*** Opening Input data ***
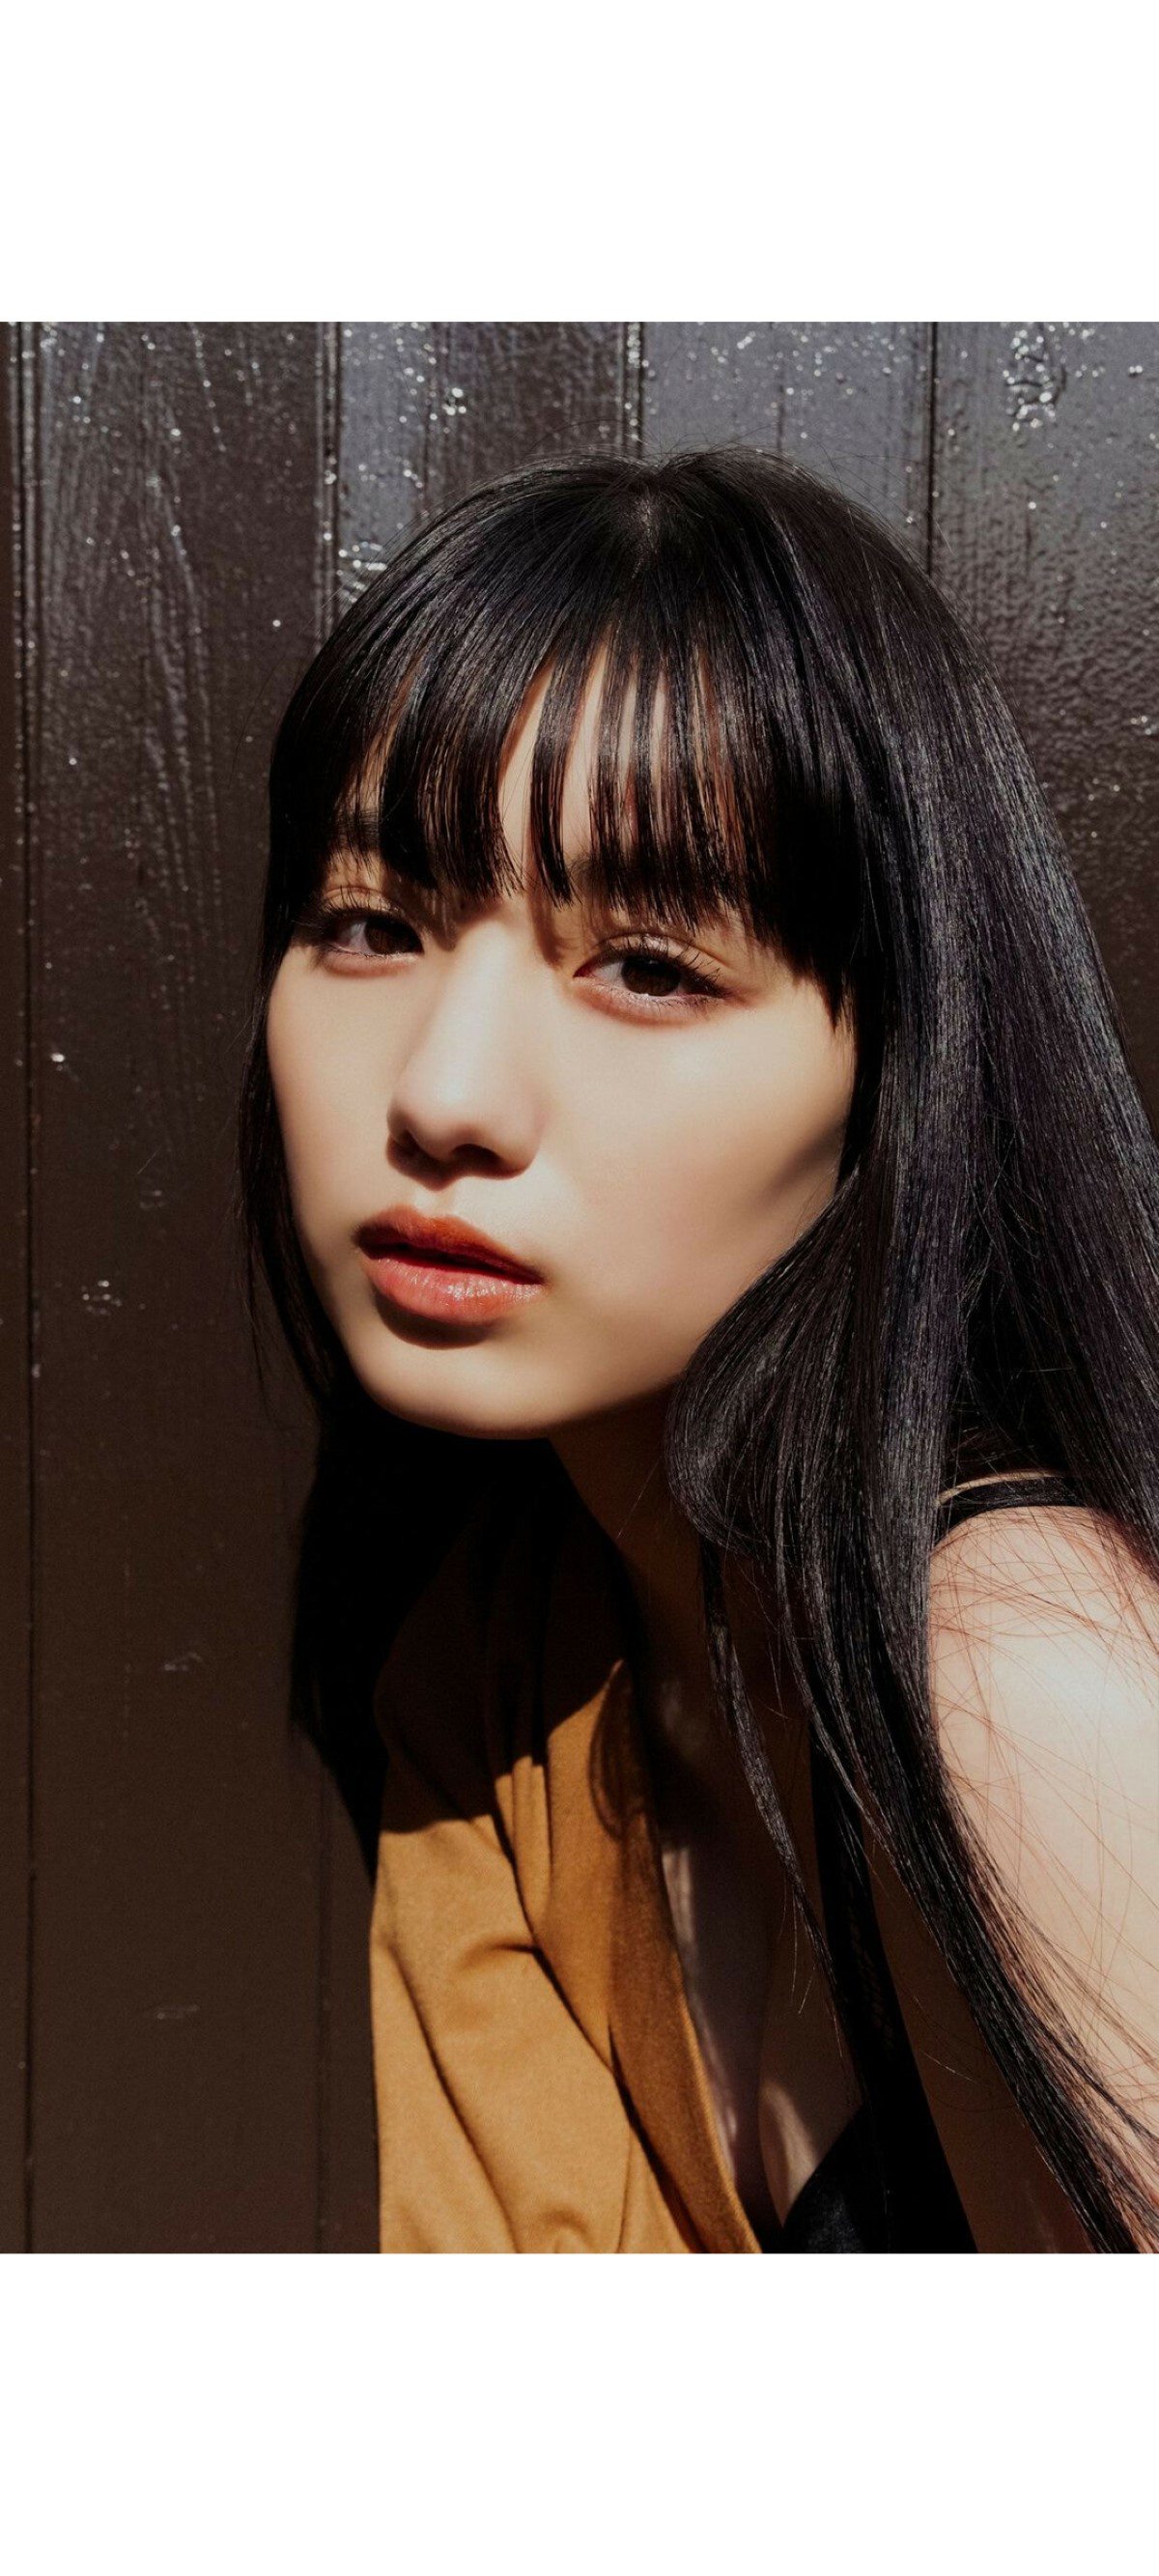 Weekly Photobook 2020 12 07 Noa Tsurushima 鶴嶋乃愛 A natural actress 生まれながらにして女優 007 3410772792.jpg
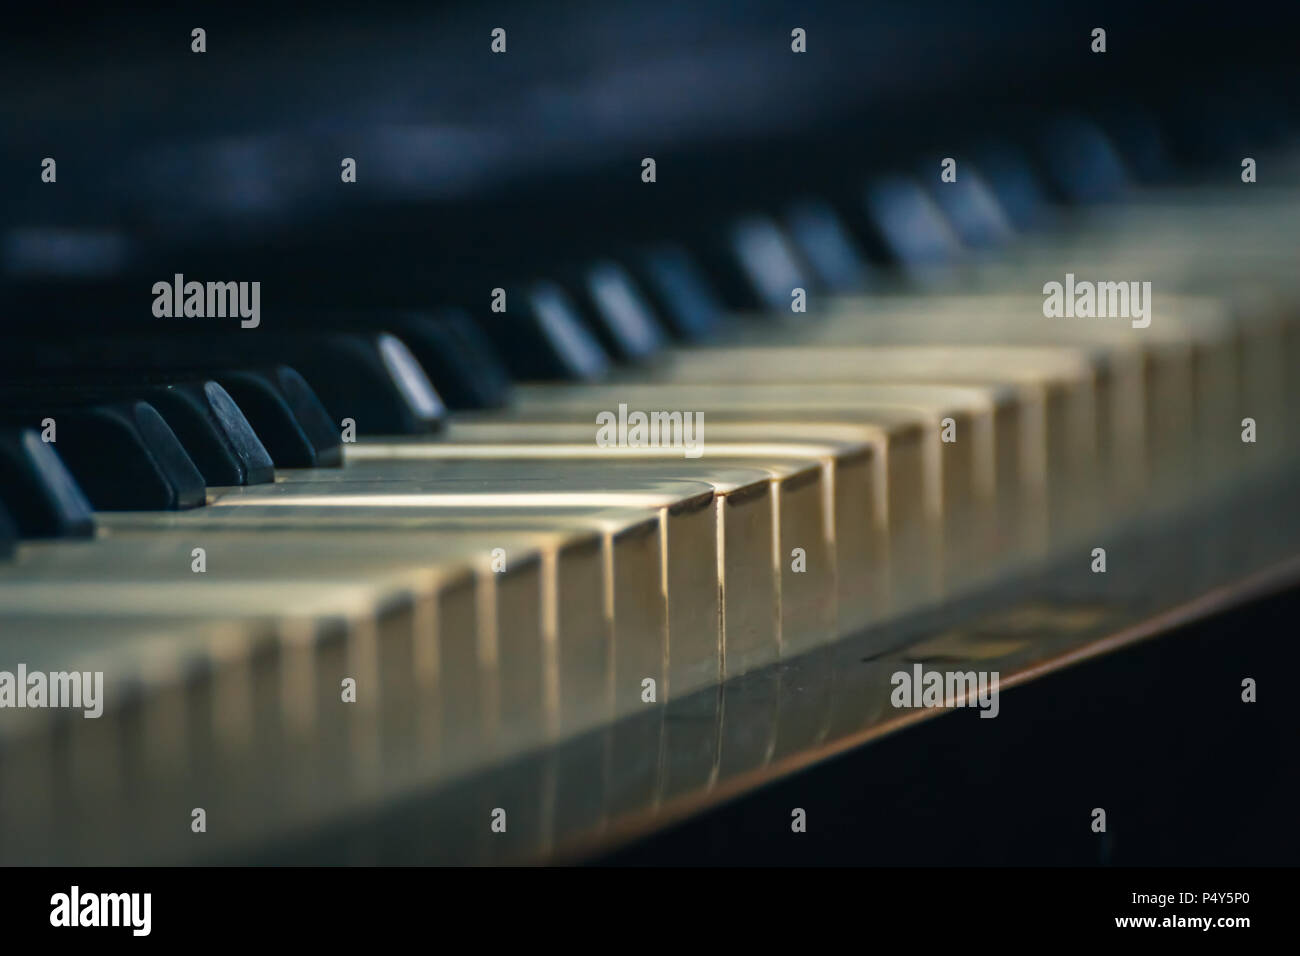 Vista dettagliata del pianoforte antico tasti in avorio Foto Stock
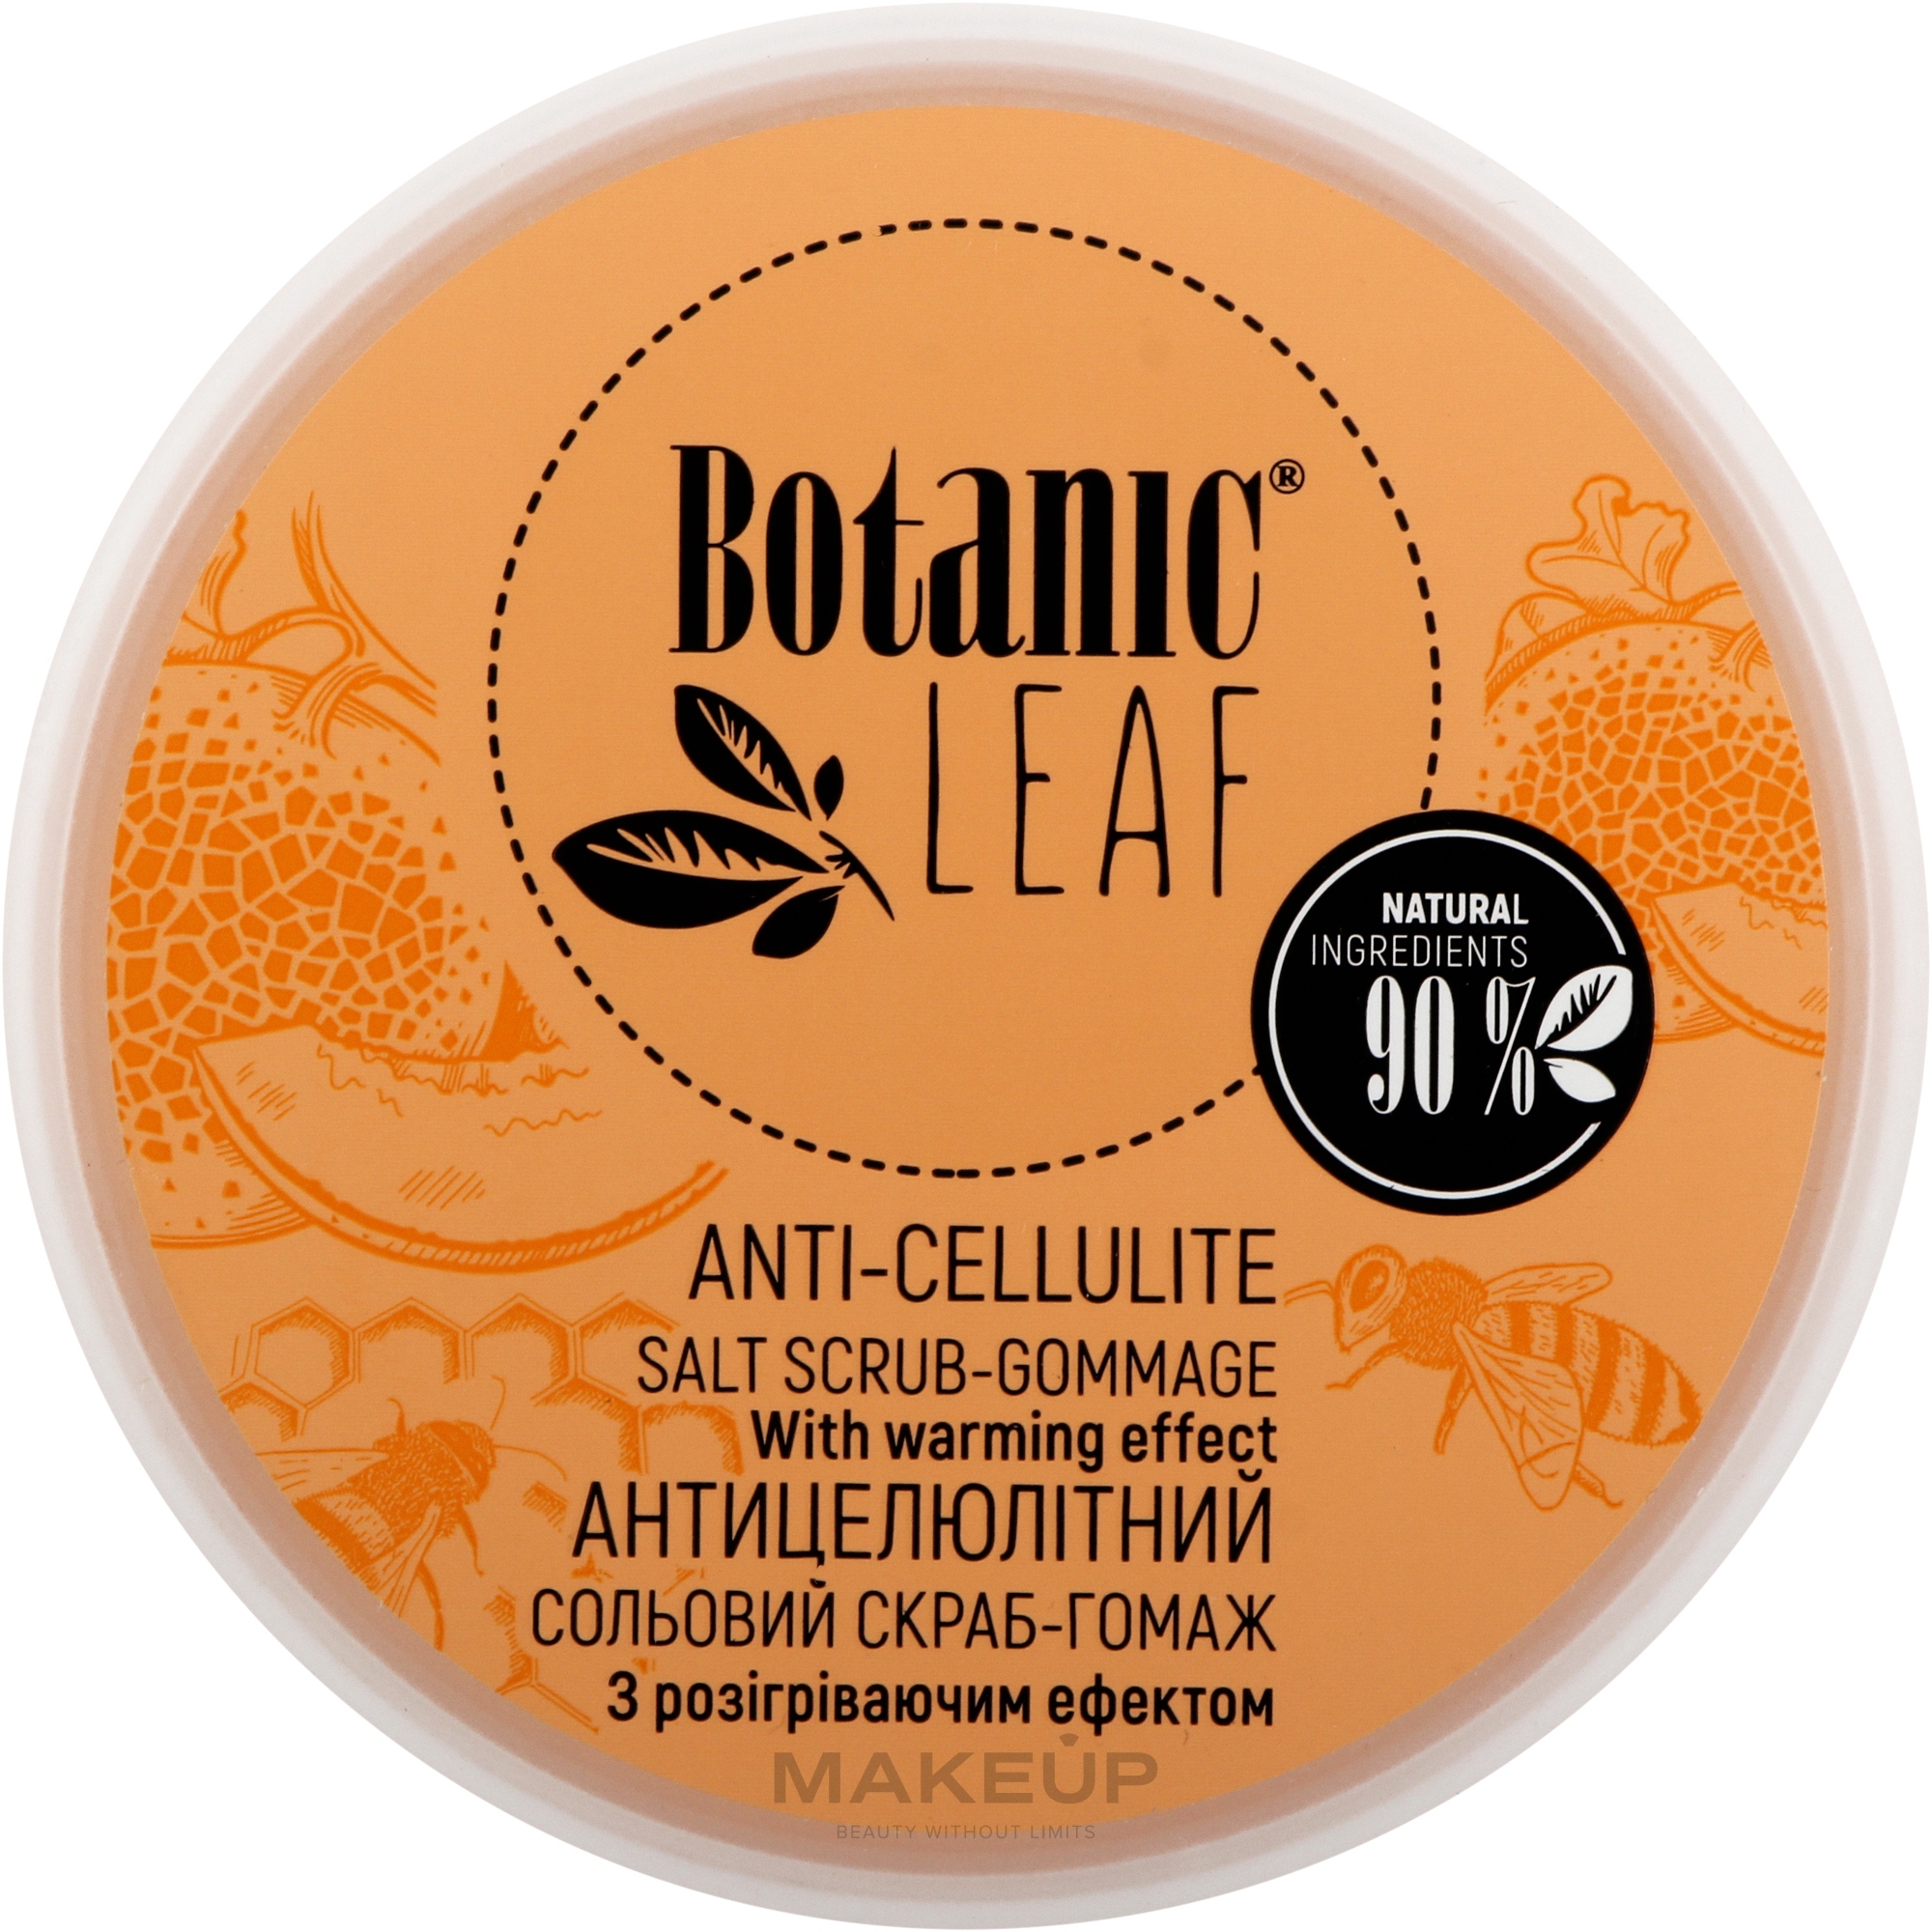 Скраб-гоммаж солевой антицеллюлитный для тела - Botanic Leaf Anti-Cellulite Salt Scrub-Gommage — фото 300g
*** Closing Input data ***
• [Task description]
Please give back the material above exactly as written, pictures omitted.

• [Task solution]
 Weekly Photobook 2020 12 07 Noa Tsurushima 鶴嶋乃愛 A natural actress 生まれながらにして女優 007 3410772792.jpg
 Vista dettagliata del pianoforte antico tasti in avorio Foto Stock
 Скраб-гоммаж солевой антицеллюлитный для тела - Botanic Leaf Anti-Cellulite Salt Scrub-Gommage — фото 300g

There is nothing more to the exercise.